On 2010-05-21 2.27 PM, David Torres wrote:

Hello all,
I am trying to graph expected growth in IQ scores by maternal IQ class and treatment/control group assignment. Since there are three maternal IQ classes and two group assignments, I should have six lines or growth curves.
Now, my models were calculated using Stata's -xtmixed- command, so I've been following Rabe-Hesketh and Skrondal's text on multilevel modeling, 2nd edition, page 210-220. They give an example of how to graph growth, but the example does not include interactions nor does it allow for the slopes to change between some other time-varying covariate, which I have in my model. The outcome is test score, of course.

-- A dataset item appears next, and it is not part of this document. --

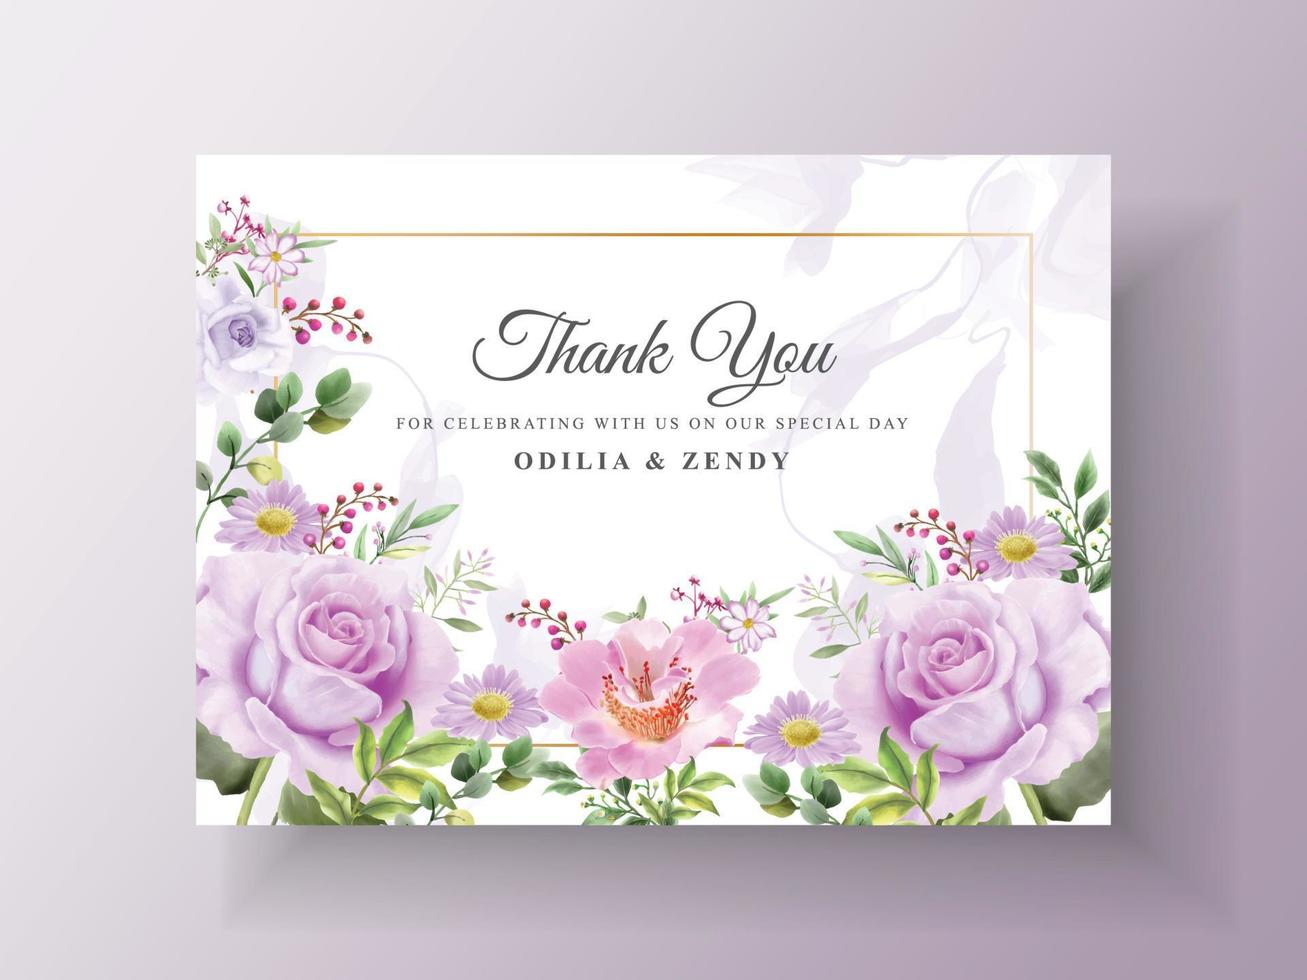 prachtige paarse bloemen bruiloft uitnodiging sjabloon vector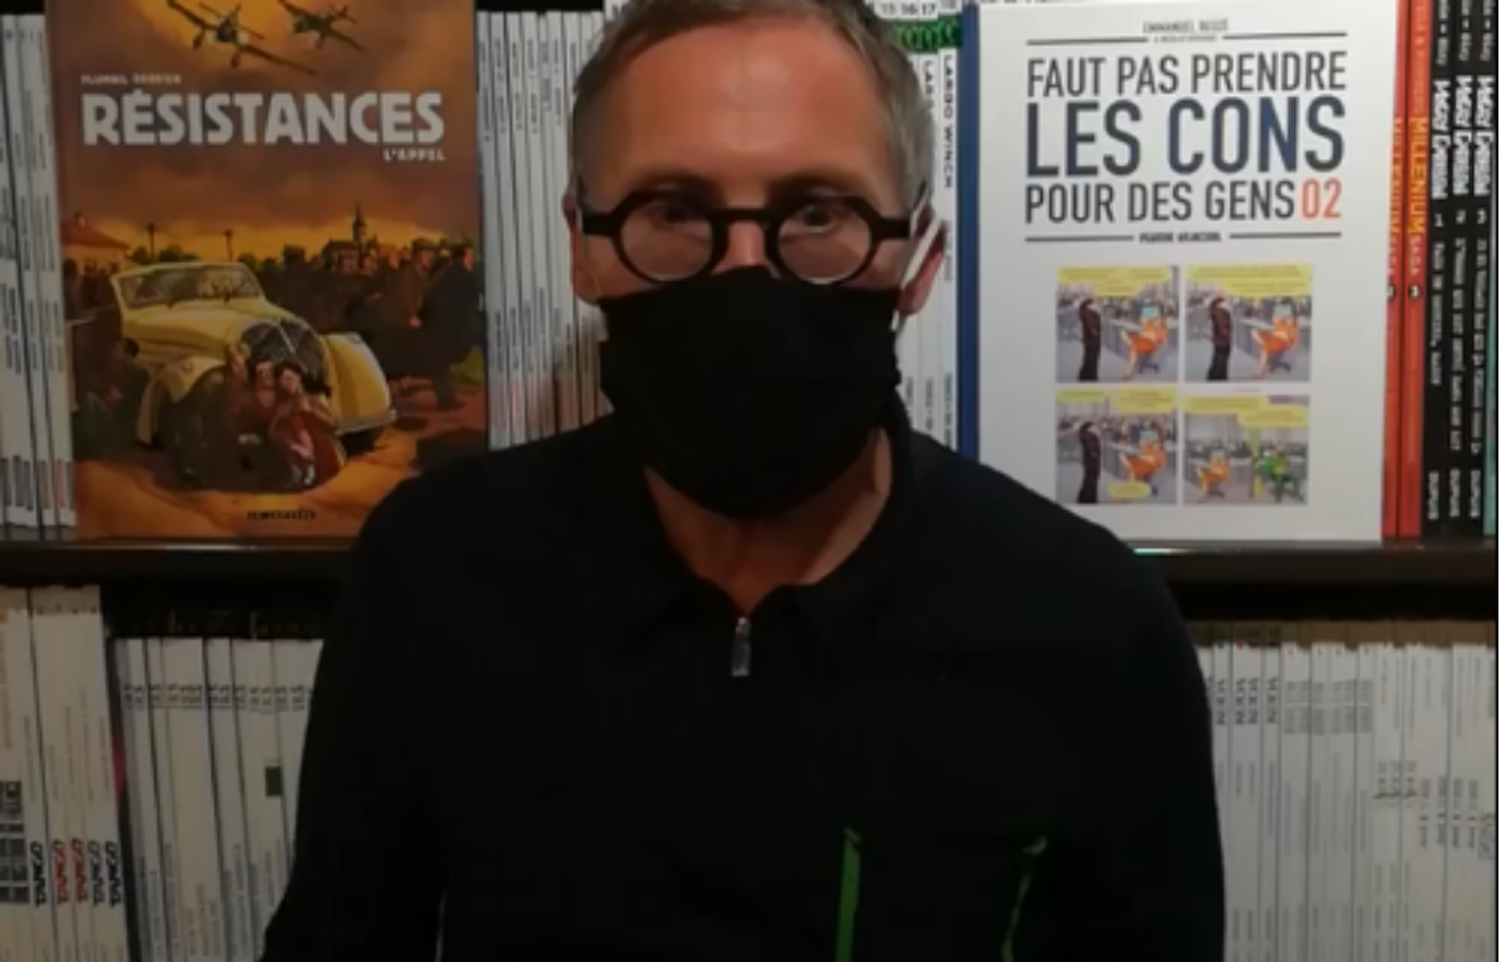 La France en confinement : la librairie "Bulle" au Mans entre en résistance...

The list of the predictor variables in the full model from which I would like to create my graphs follow: 

1.  age
2.  age^2
3.  assessment given (two different assessments over several years, so
   this is entered as a time-varying covariate.  It would be great if I
could get the slope to vary by assessment) - Stanford-Binet or Wechsler 
4.  home environment - 0/1, less stimulating/more stimulating
5.  treatment - 0/1, control/treatment
6 & 7. maternal IQ class - 1/2/3, IQ<=75/IQ between 76&90/IQ between 91&110 
      1 is the reference category
8 & 9.  interaction between treatment and maternal IQ class
All of the variables in this model are significant, so I want to make sure that my graph accurately reflects that. Also, I understand that since interactions can be difficult to interpret sometimes a visual represention of the data are always good as an accompaniment.
A related question is this: If I have to produce these lines separately, creating six graphs, is there a way I can overlay them? 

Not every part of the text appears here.